Six months ago now. November 15th, 2024. My brother—James Troy Boggs. It has taken me this long to sit down and quietly face it. Jimmy was just 67. My little brother. He had a number of health issues and had been under hospice care. In the end, it was lung cancer. He and his wife Sharon lived in Oklahoma.
Of course, Jimmy’s early years were the same dysfunctional mess as mine were. In Adult Children of Alcoholic terms, Jimmy was definitely the family “scapegoat.”

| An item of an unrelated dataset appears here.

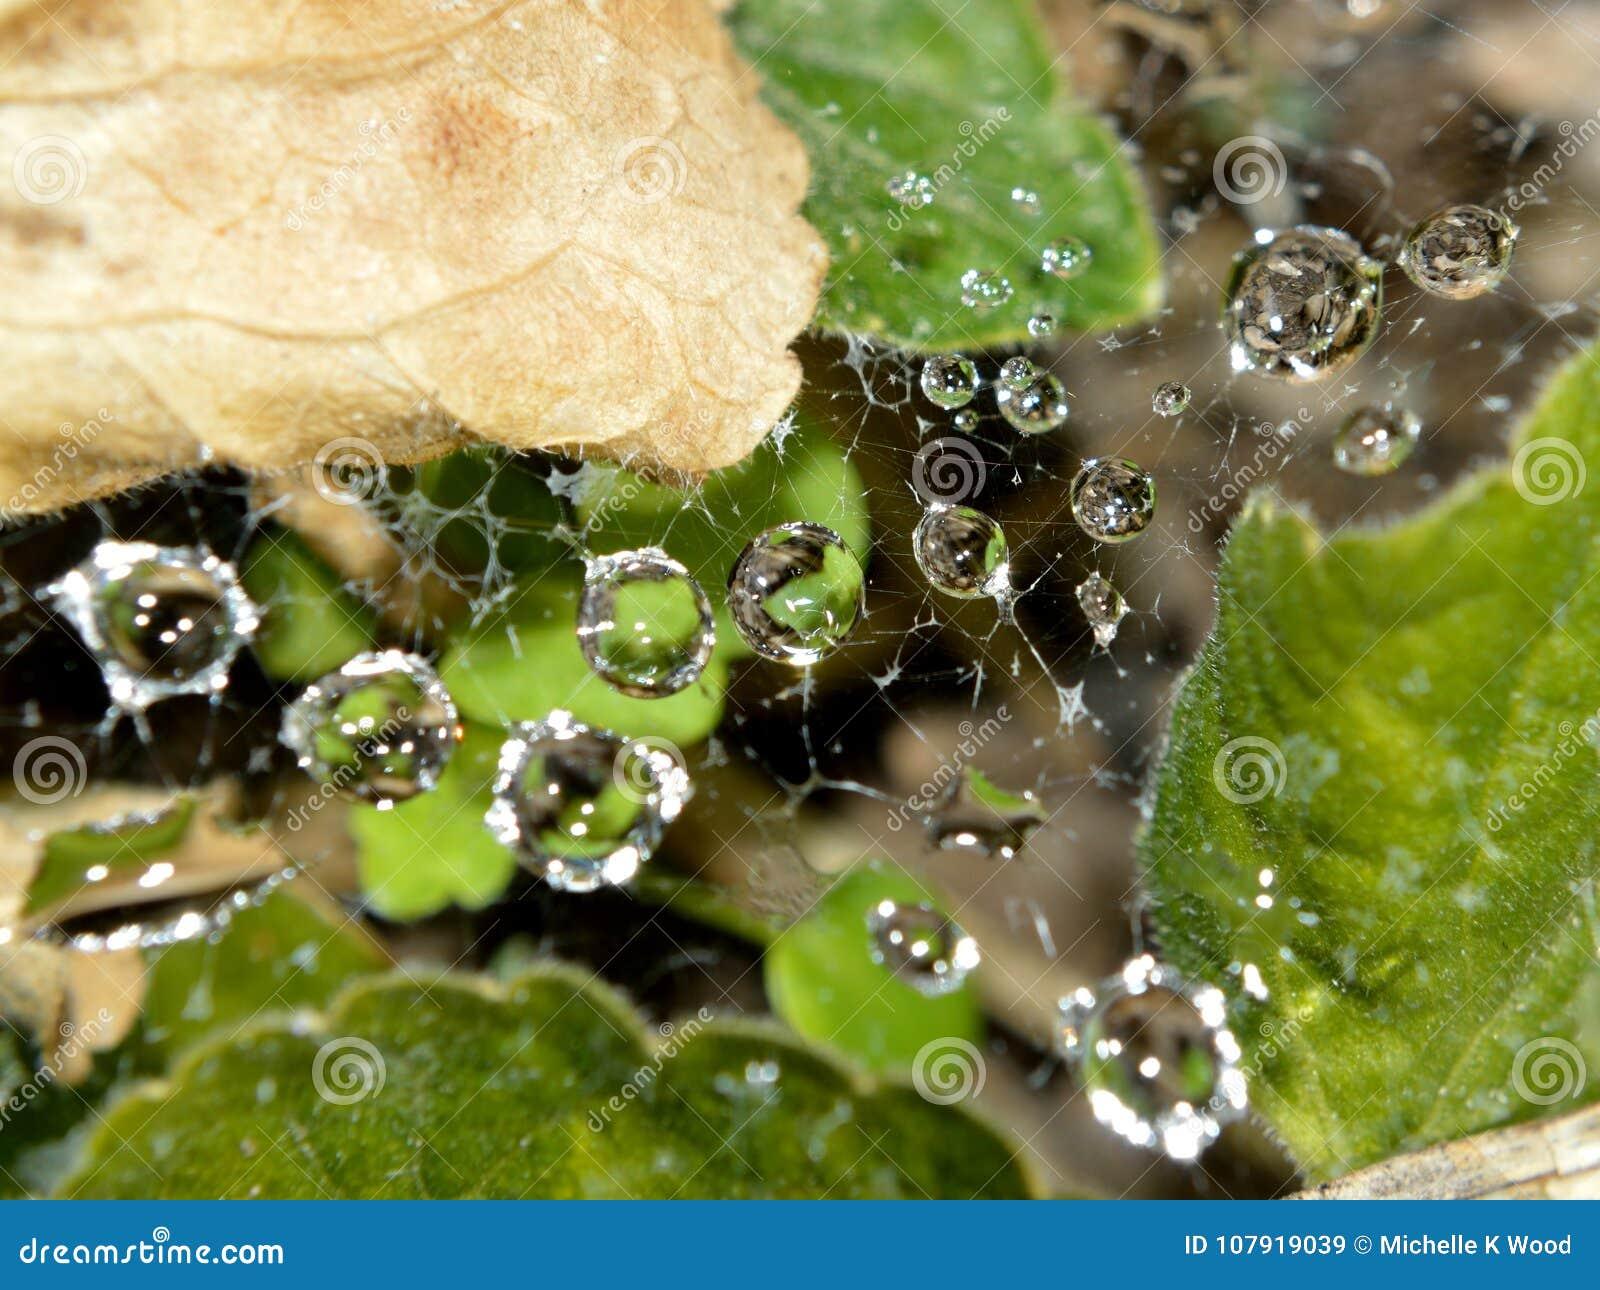 Macro closeup of raindrops in web
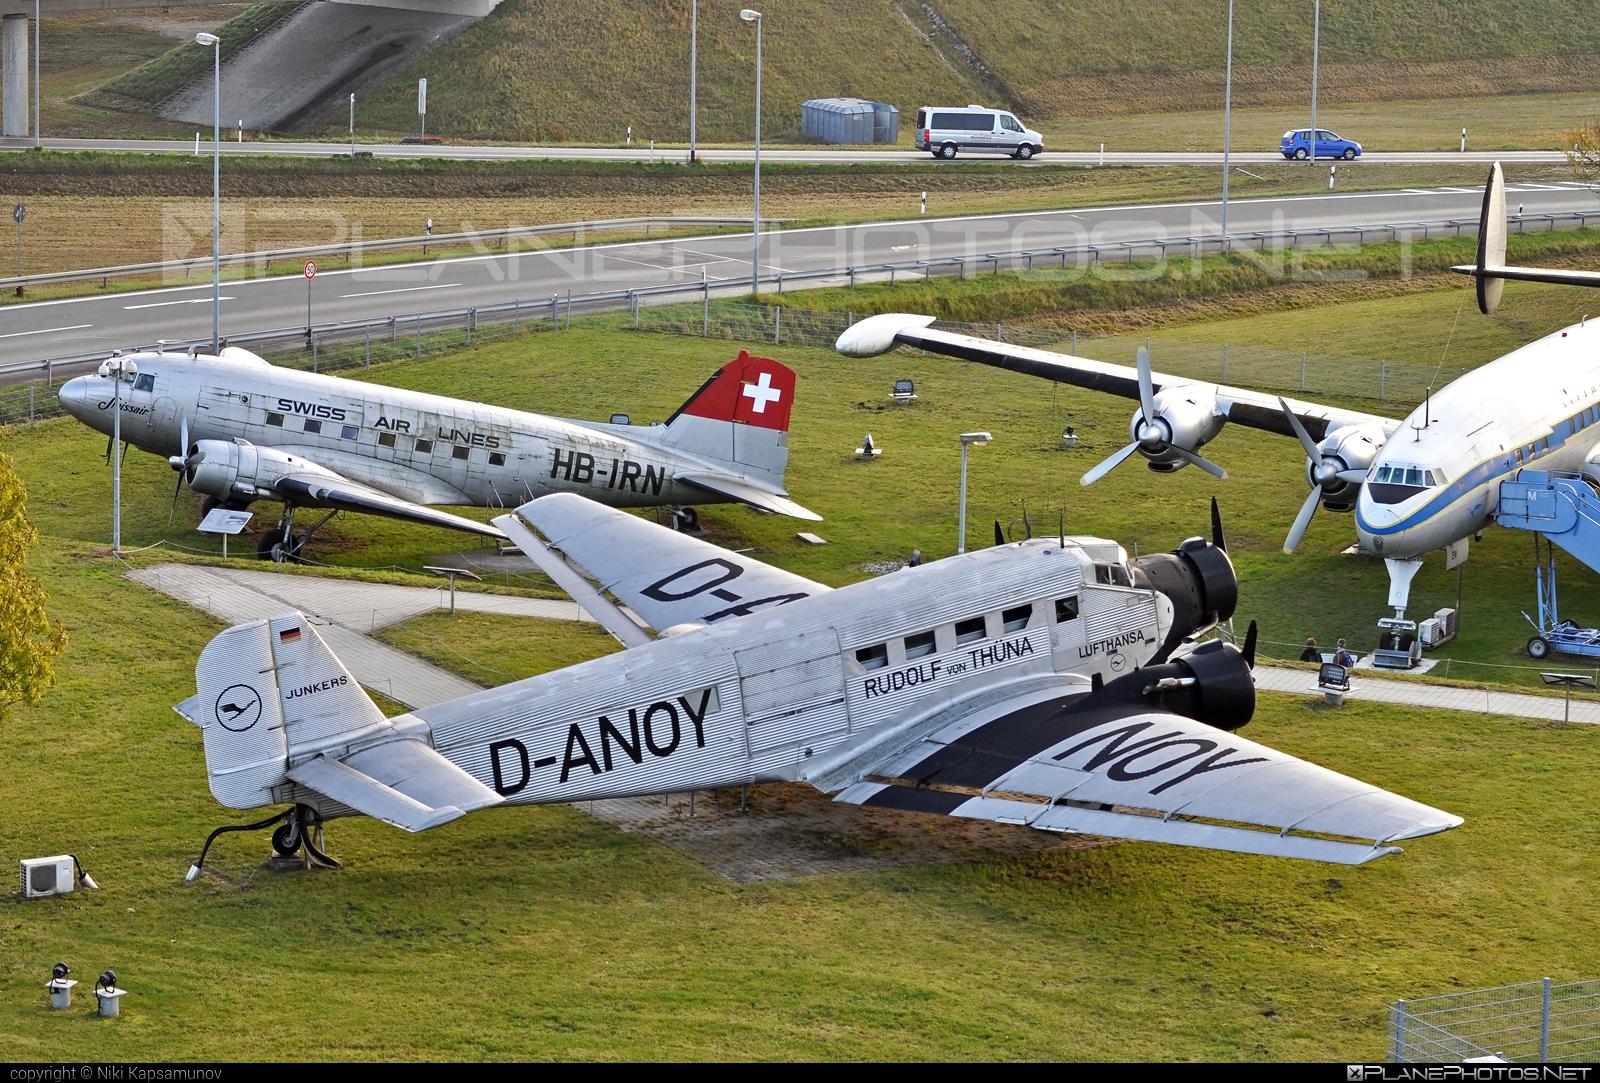 CASA 352L - D-ANOY operated by Lufthansa #casa #casa352 #casa352l #ju52 #junkers52 #junkersju52 #lufthansa

According to journeytojoycounseling.com, “The family scapegoat is the problem child, also known as the ‘troublemaker.’ They are risk-takers, independent, and always into something. They rebel against the family system. They may be angry, withdrawn, and oppositional. They may get pregnant, get into drugs, or fail out of school. Scapegoats are considered to be the ‘screw up.’ Scapegoats feel alone, and don’t know where they fit in the family. As adults, they may continue to make self-destructive choices and struggle with intimacy of any kind.”
Jimmy’s life reflected many of those traits.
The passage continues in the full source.